Activity - Output exactly the lines from the line that has "Victorian Staffordshire Toby" through the last line of the data below, with no pictures.

Dataset section -
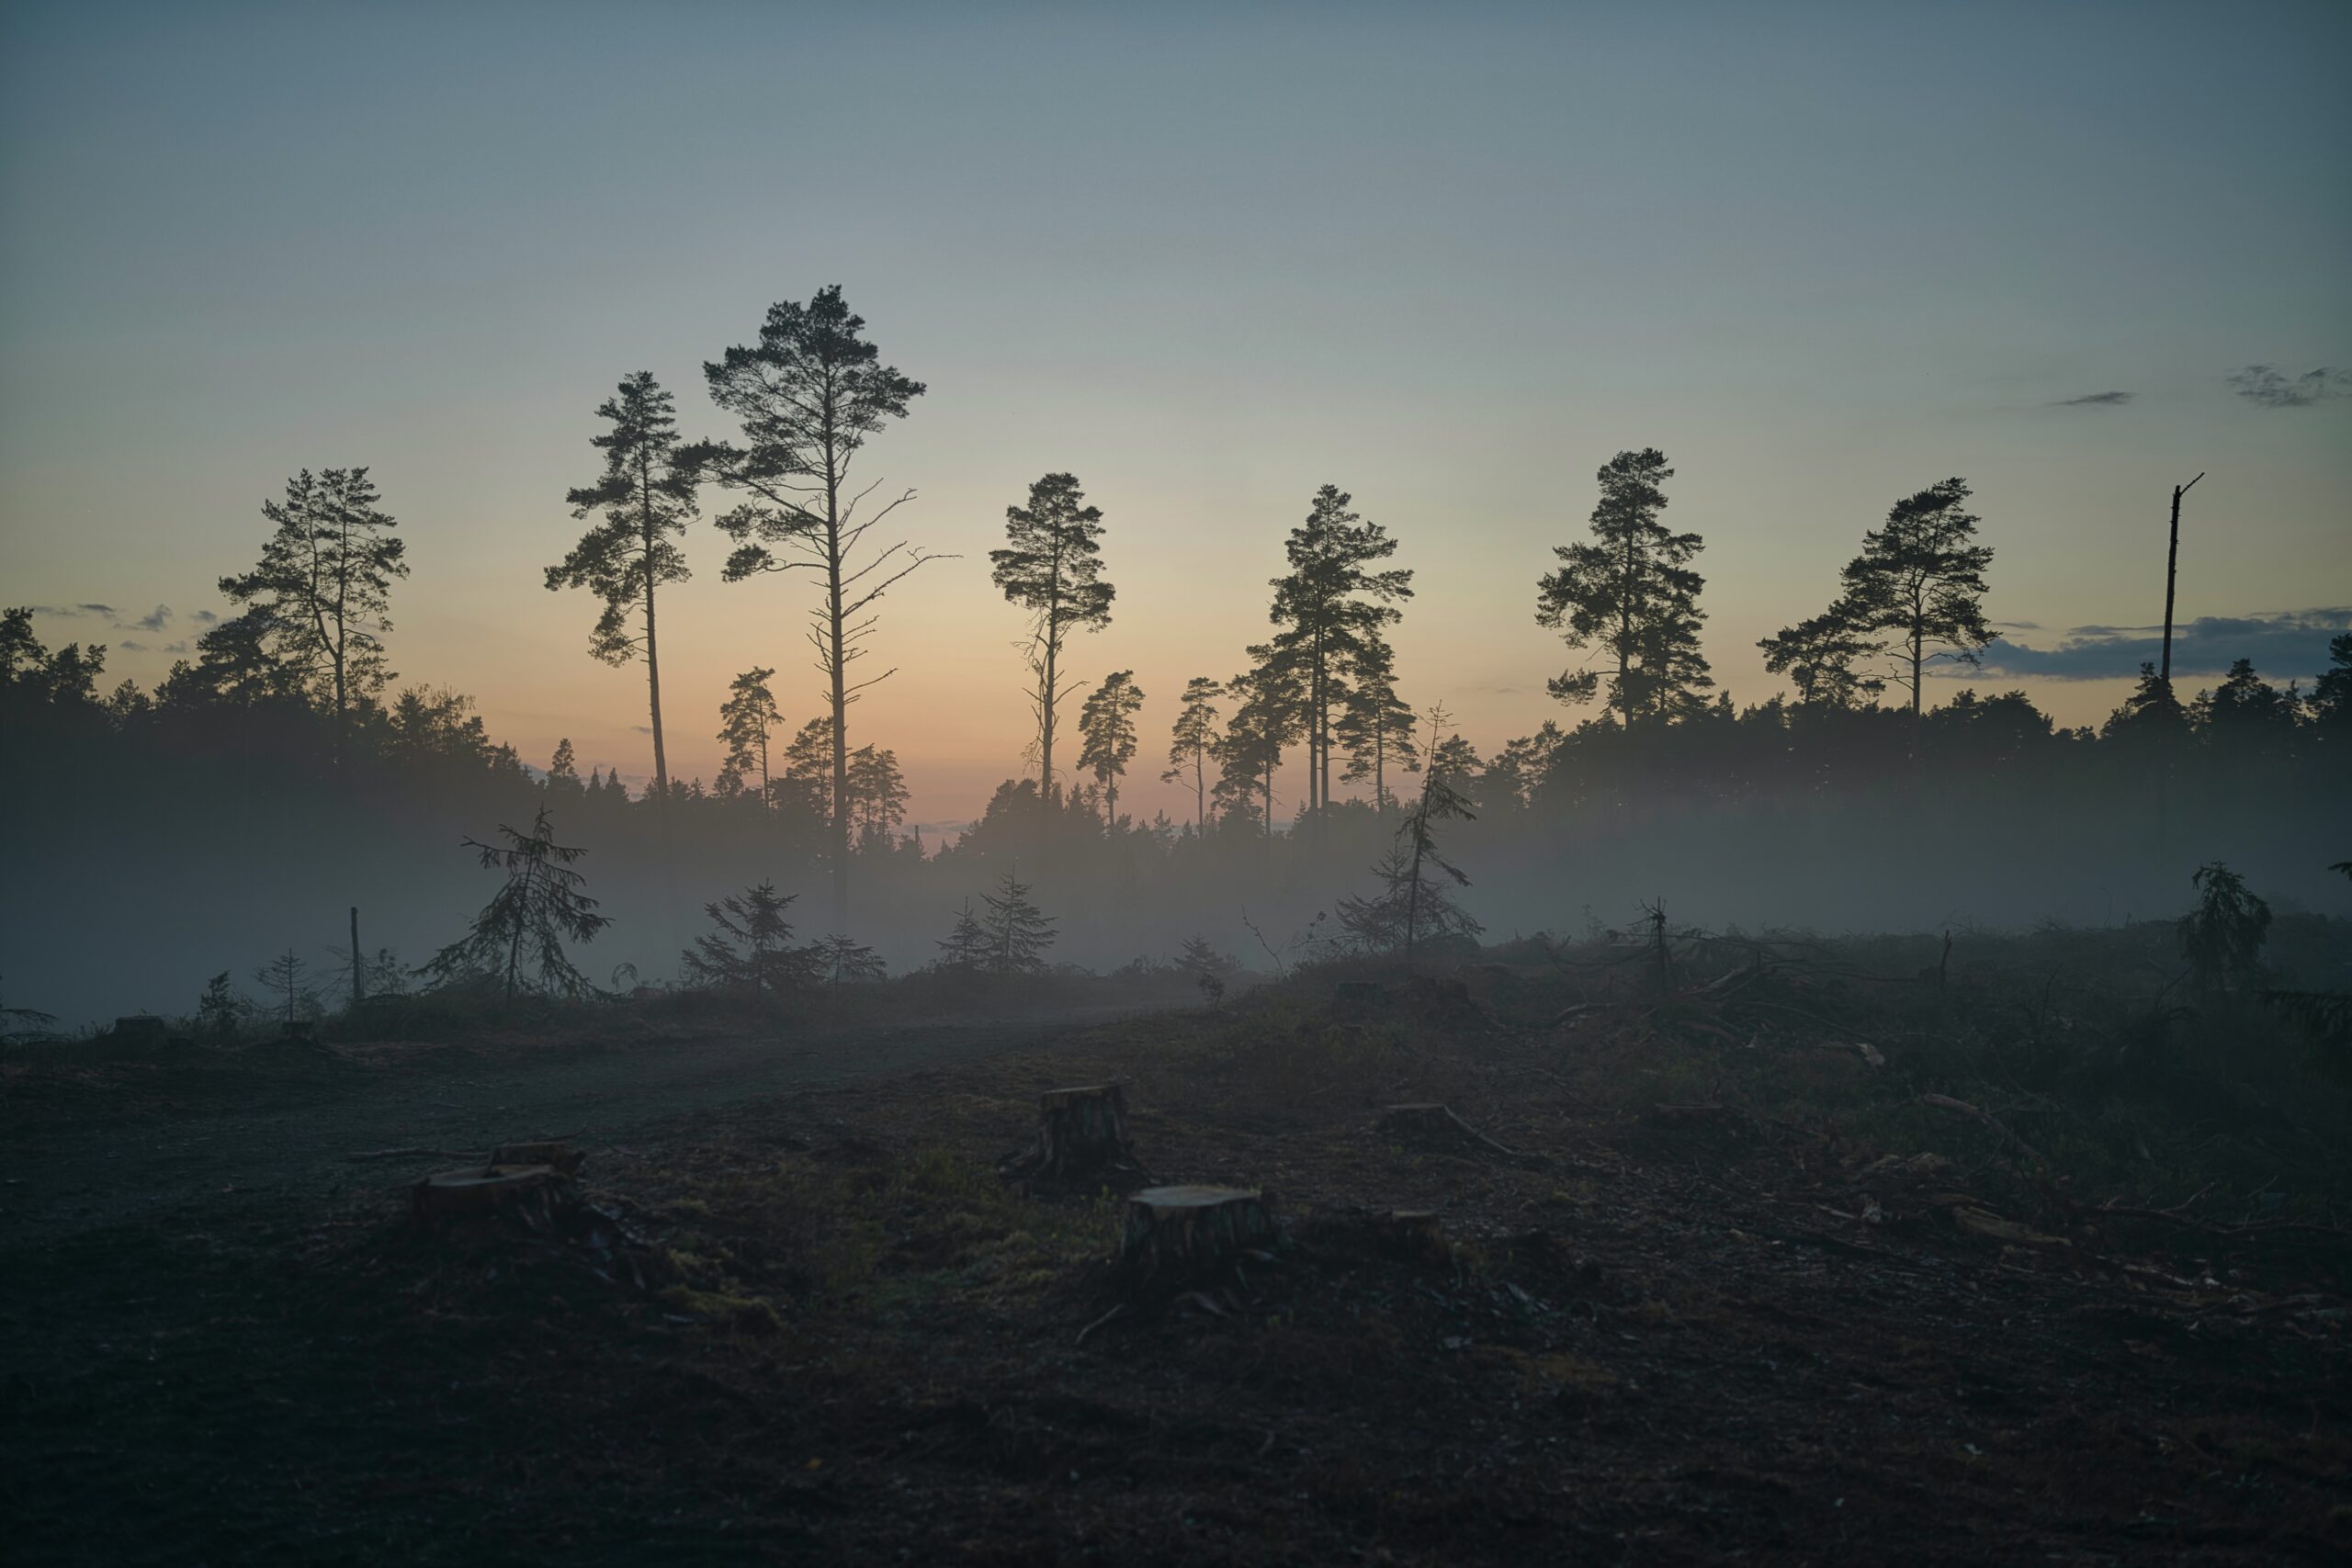 A field with trees cut down and burnt, the image evokes deforestation.
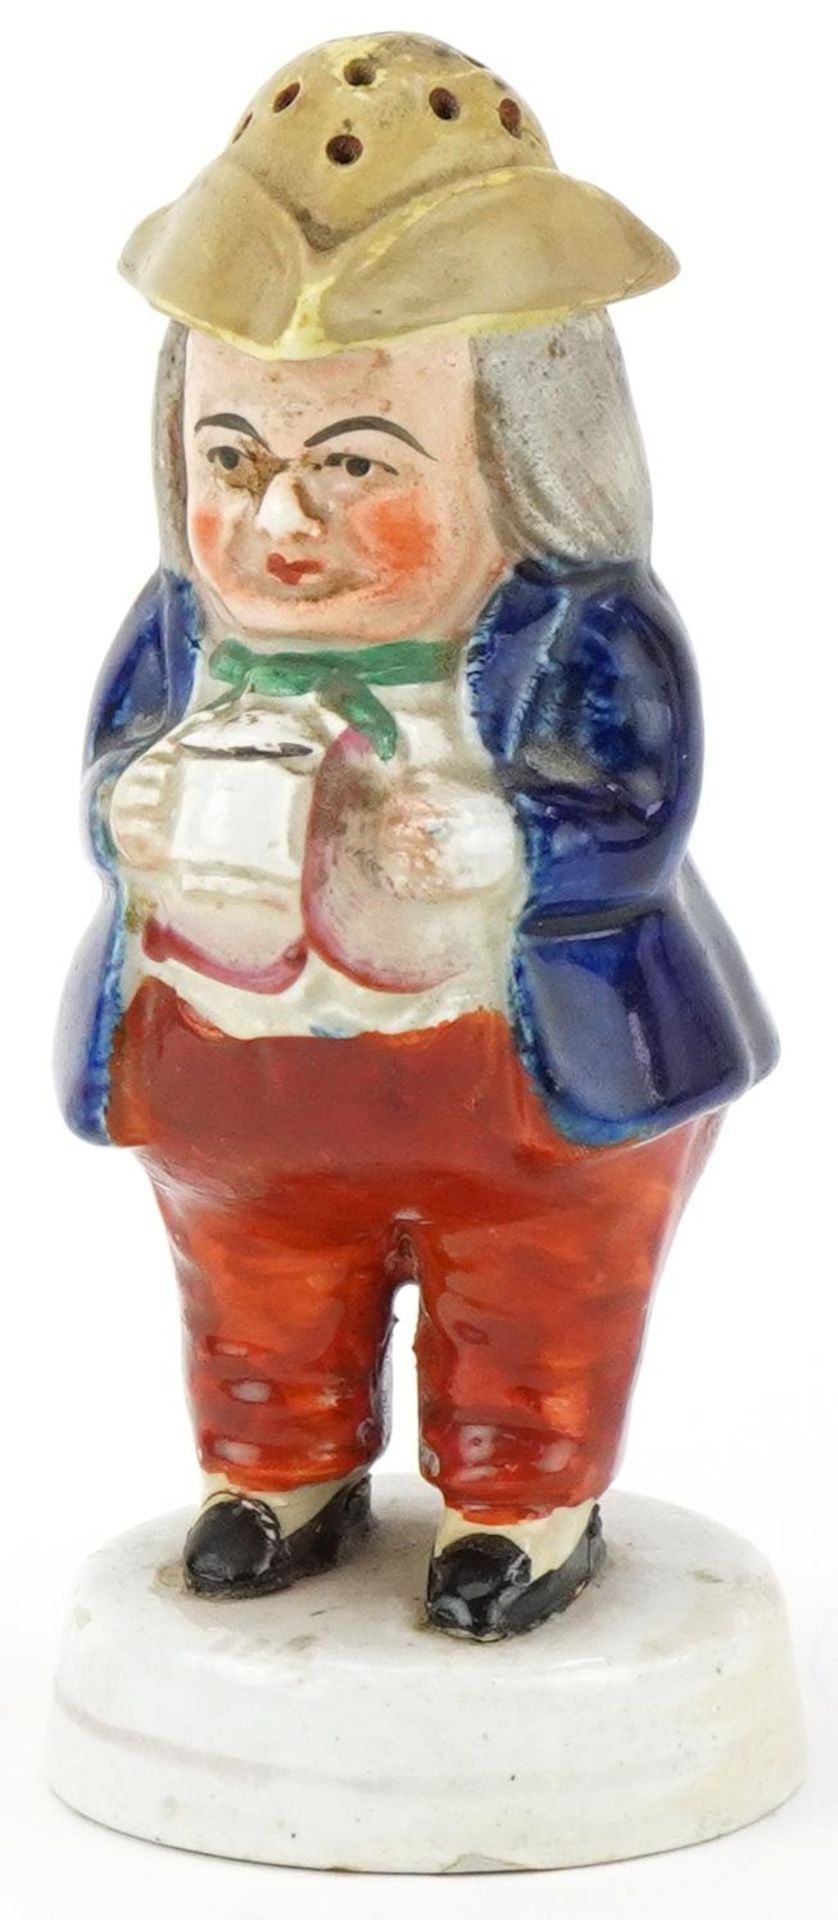 Victorian Staffordshire Toby pepperette, 14.5cm high
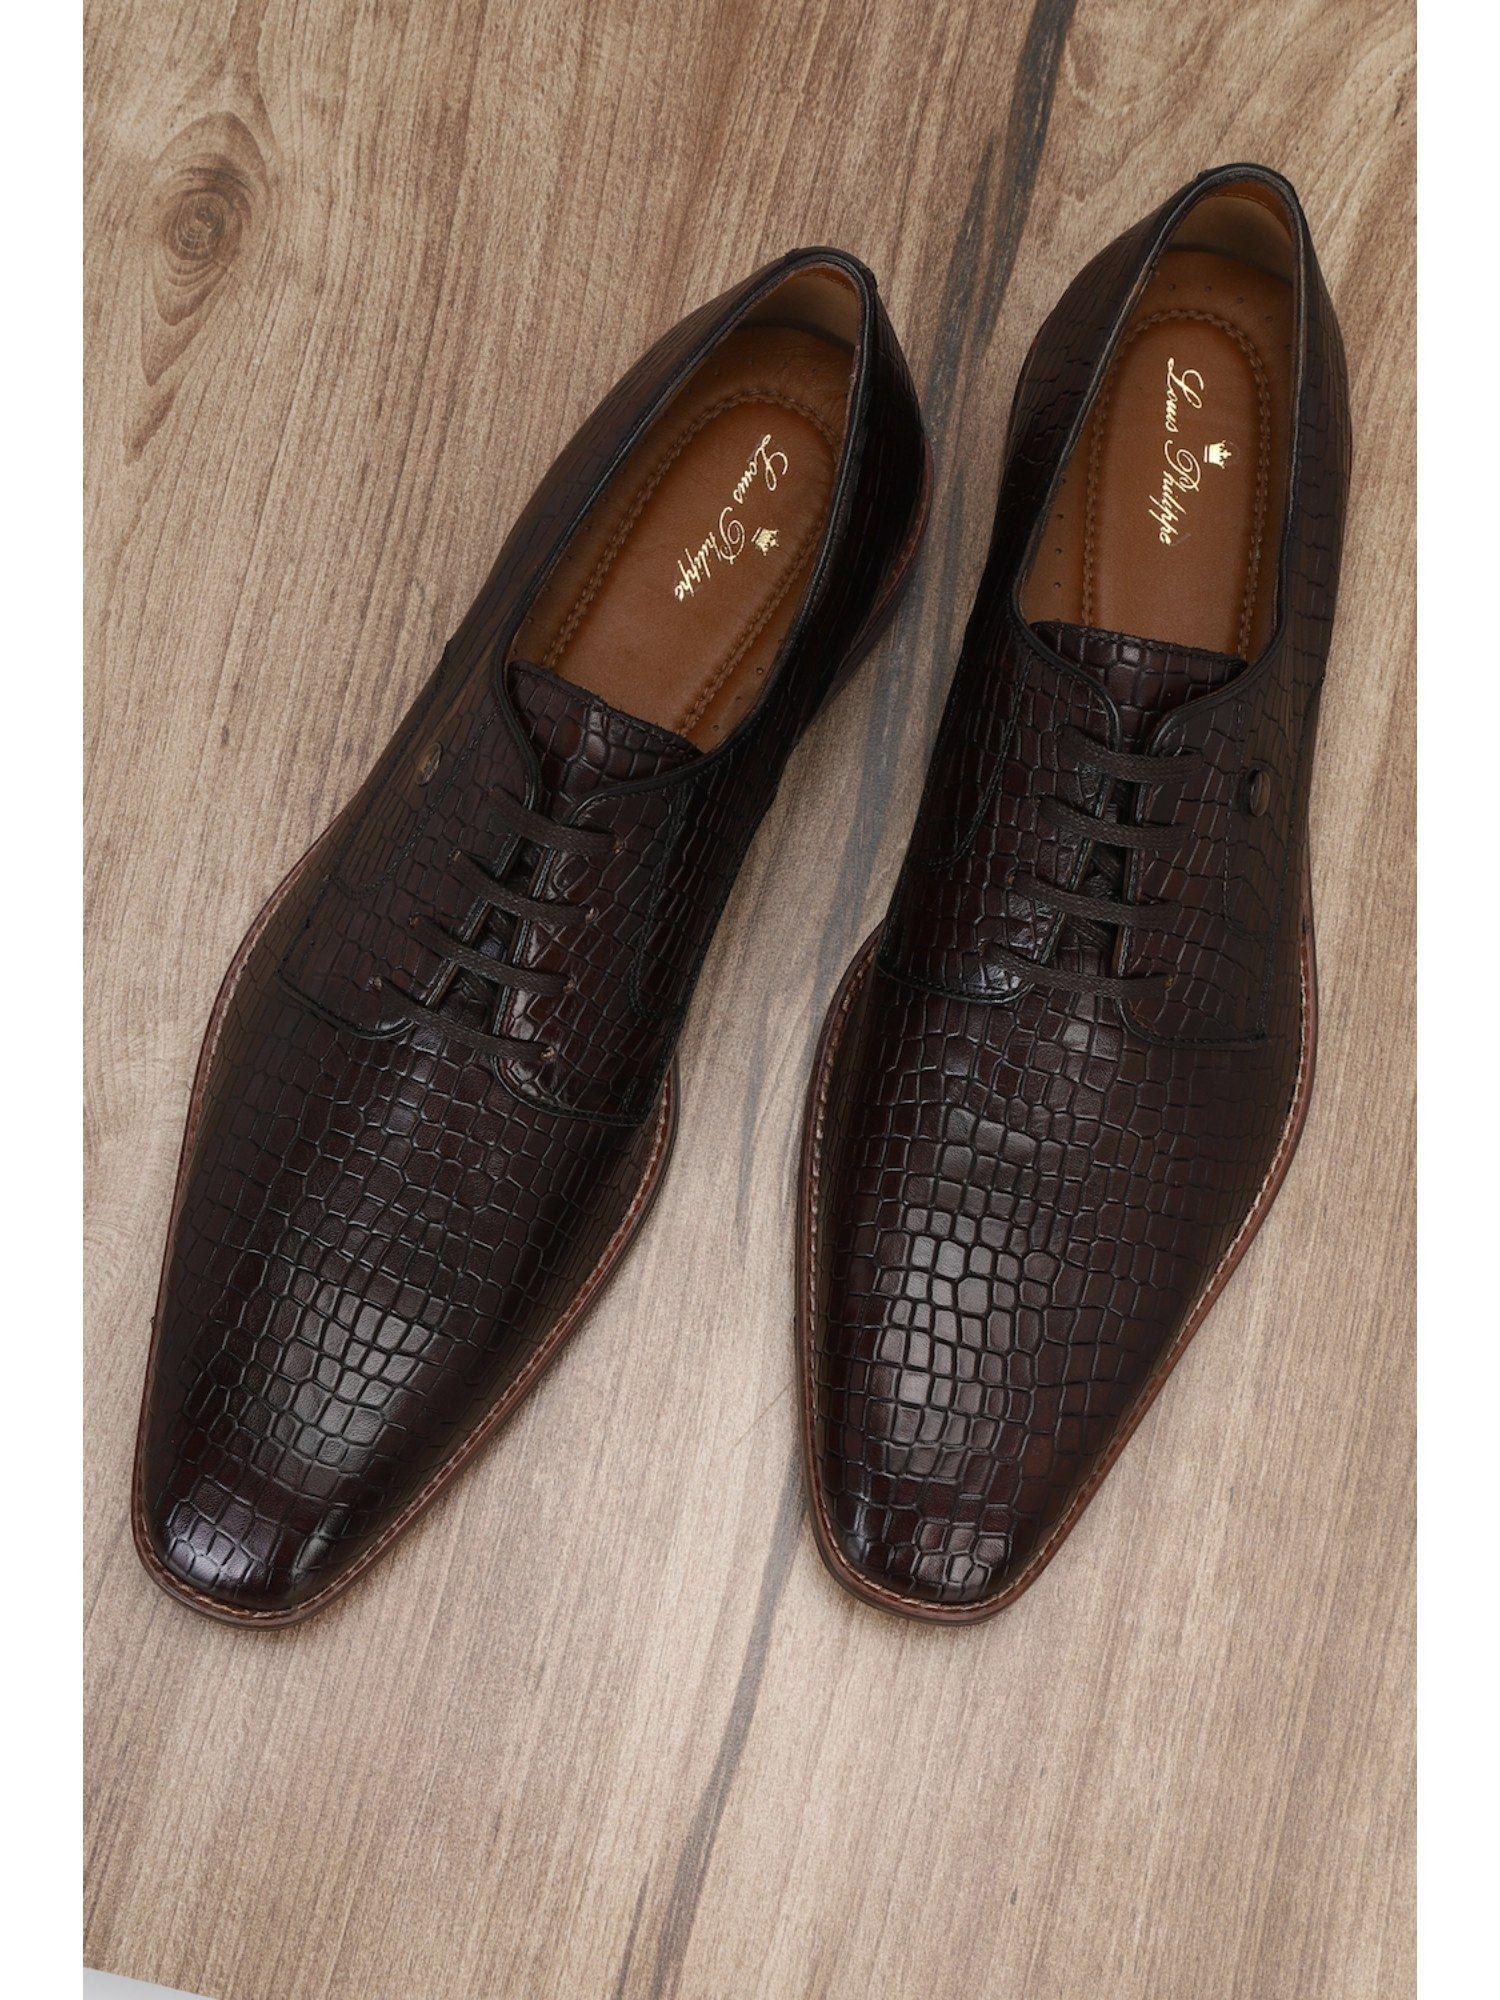 dark brown lace up shoes

Result of this exercise -
 Victorian Staffordshire Toby pepperette, 14.5cm high
 dark brown lace up shoes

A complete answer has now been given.